Dr. Whitney Opinion About ACEI/ARB Blood Pressure Meds

The following is my opinion for anyone on ACEI or ARB blood pressure meds like ramipril, lisinopril, and other “…prils”, or losartan and other “…artans”. Consider forwarding this if you know someone on these meds.

Increasingly, I am being asked by patients whether they should continue these medications.  I have researched this topic, and the following is my opinion based on today’s information.  I will attempt to explain a complicated topic in terms you can understand.

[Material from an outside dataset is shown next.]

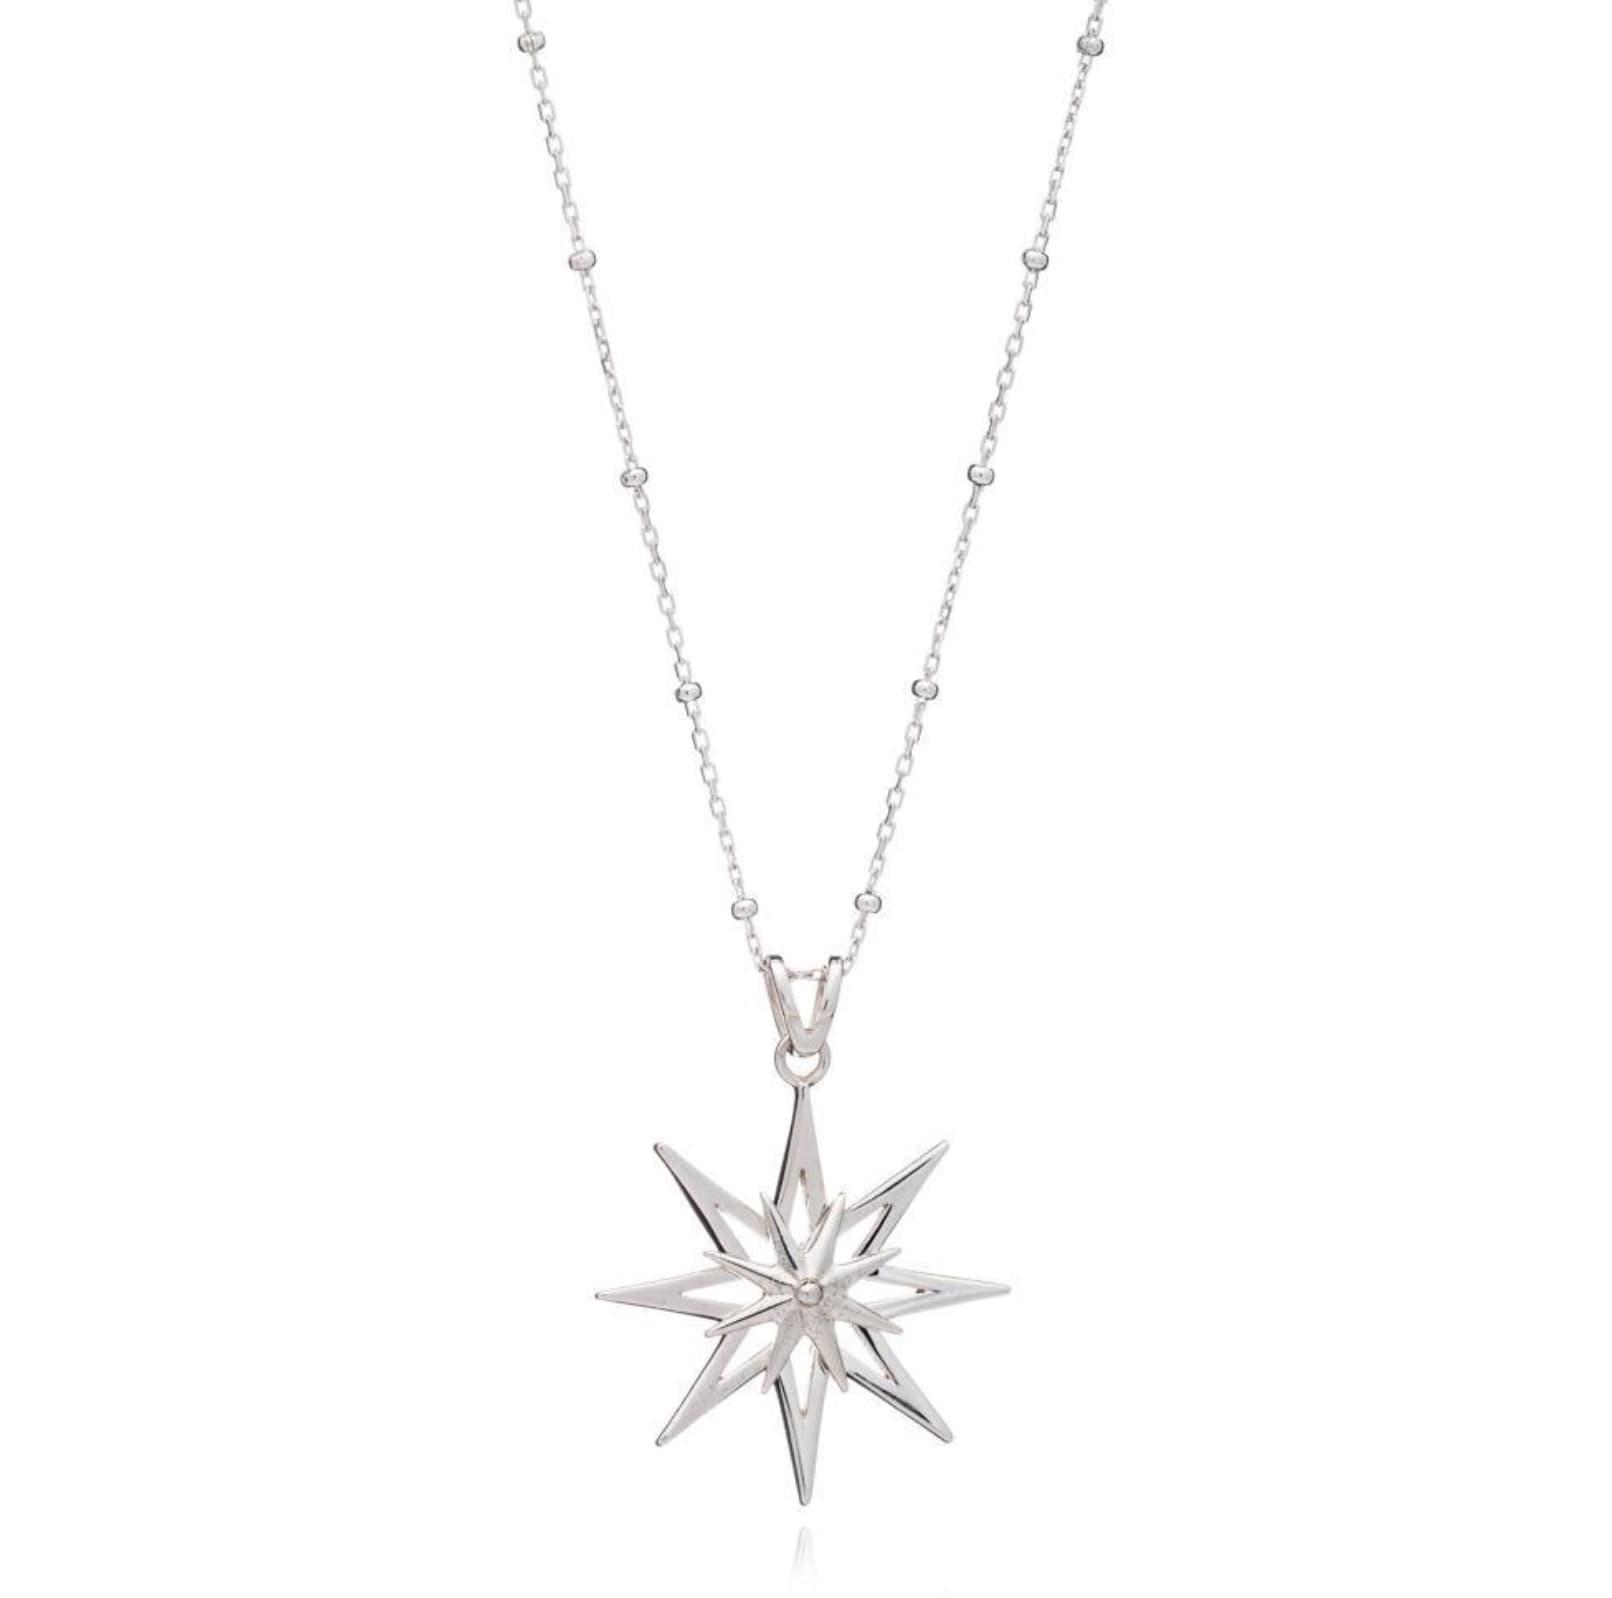 Rachel Jackson Rock Star Necklace silver

Worldwide researchers are associating high blood pressure as a significant risk for complications from COVID-19.  They are finding that the virus is attaching to human cells through angiotensin receptors.  People with high blood pressure have more angiotensin receptor activity than those with normal blood pressure.  These medications block the angiotensin receptors, which is how they reduce blood pressure.

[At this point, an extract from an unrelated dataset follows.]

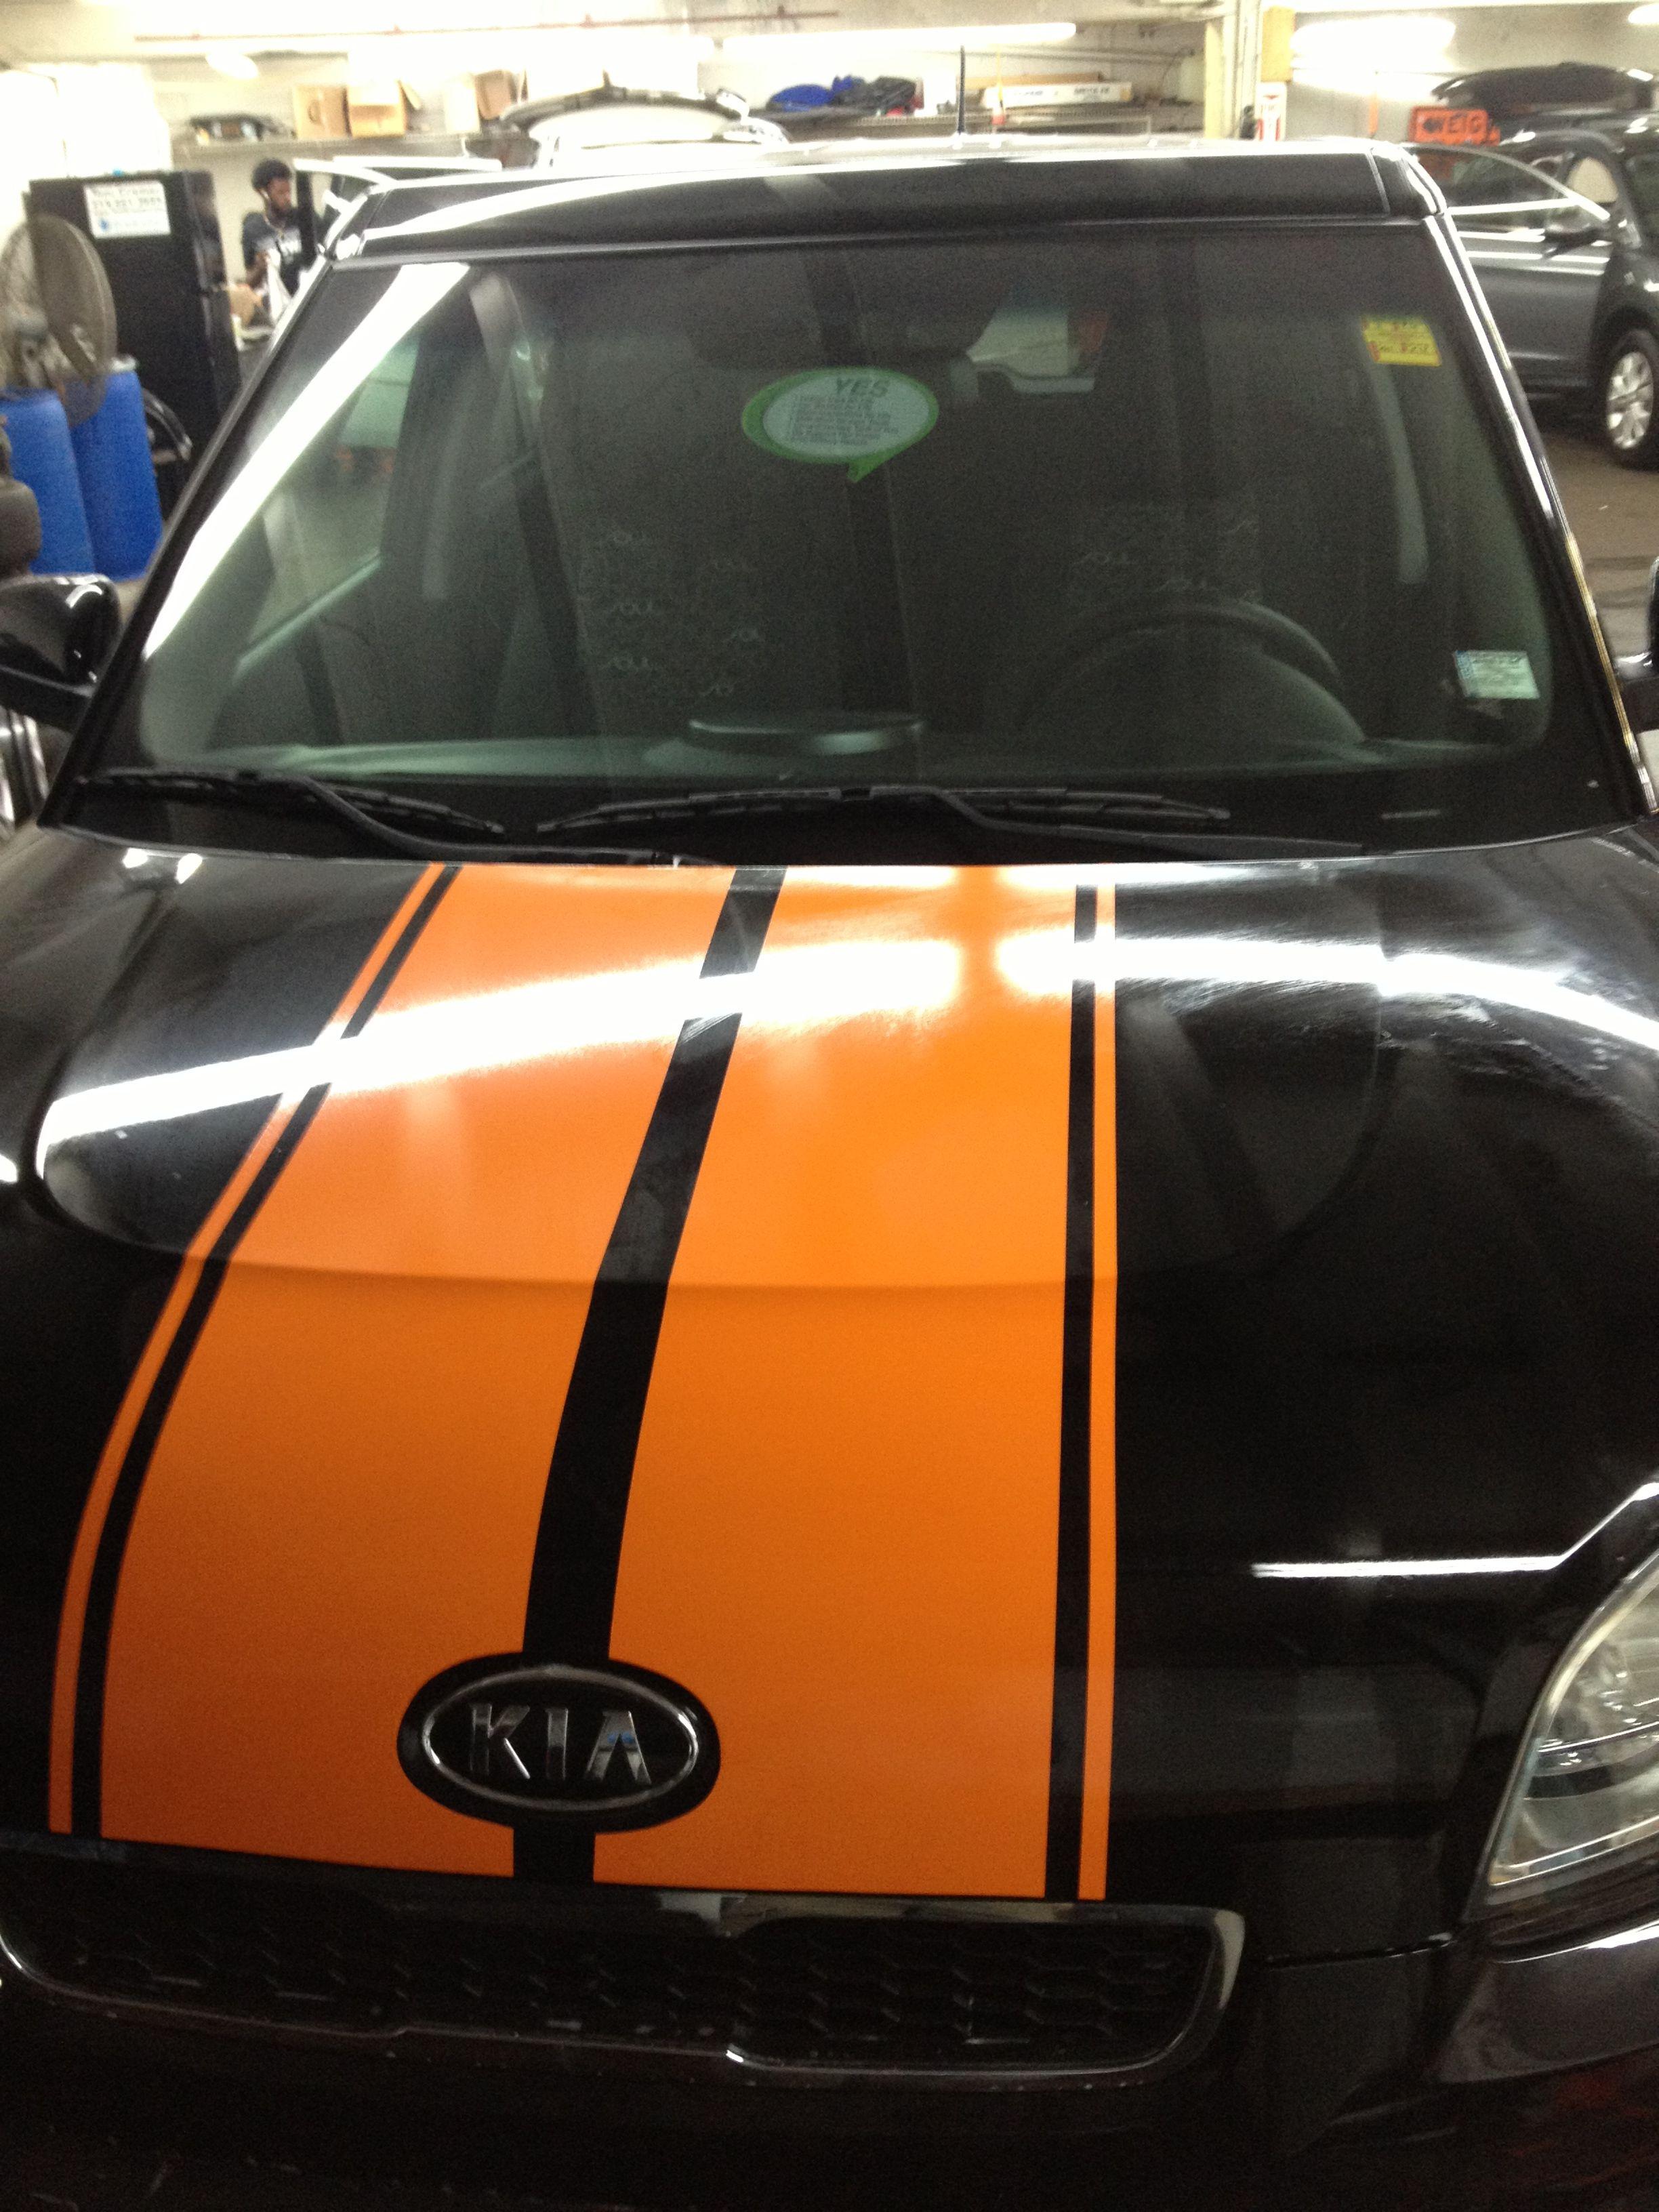 kia blog in debuts ga stinger at auto chicago debut savannah show dealerships df

Some commentators are theorizing that the medications might place a person at higher risk of complications from coronavirus.  They are saying that it might be the medications increasing the complications.  This is currently just theory, not proven and I am currently recommending that people do NOT discontinue the medications at this point for 2 reasons:

  1. Being on these medications possibly could reduce your risk of coronavirus complications.  I have a big problem with the leap of faith linking of medication to being the cause of the association of COVID-19 complications.  Worldwide very few patients are on ACEI/ARB meds.  The meds work by blocking these receptors that are overactive.  We know they work on blood vessels and kidney cells, and if they work on lung cells, they could be protective.
  2. Also, ACEI and possibly ARB meds reduce your risk of heart attack and stroke independent of their benefit on blood pressure.  Influenza dramatically increases your risk of heart attack and stroke because it is a very pro-inflammatory event.  Evidence is suggesting that COVID-19 might be more inflammatory than influenza so you’d benefit from the protection of ACEI/ARB meds.

 

So until we get more definitive guidance that the risk of being on these meds exceeds their benefit, I recommend no changes for now.

 

The scientific community is doing a fabulous job of rapidly gathering critical data about Covid.  I’m monitoring everything closely and will let you know if my recommendation changes.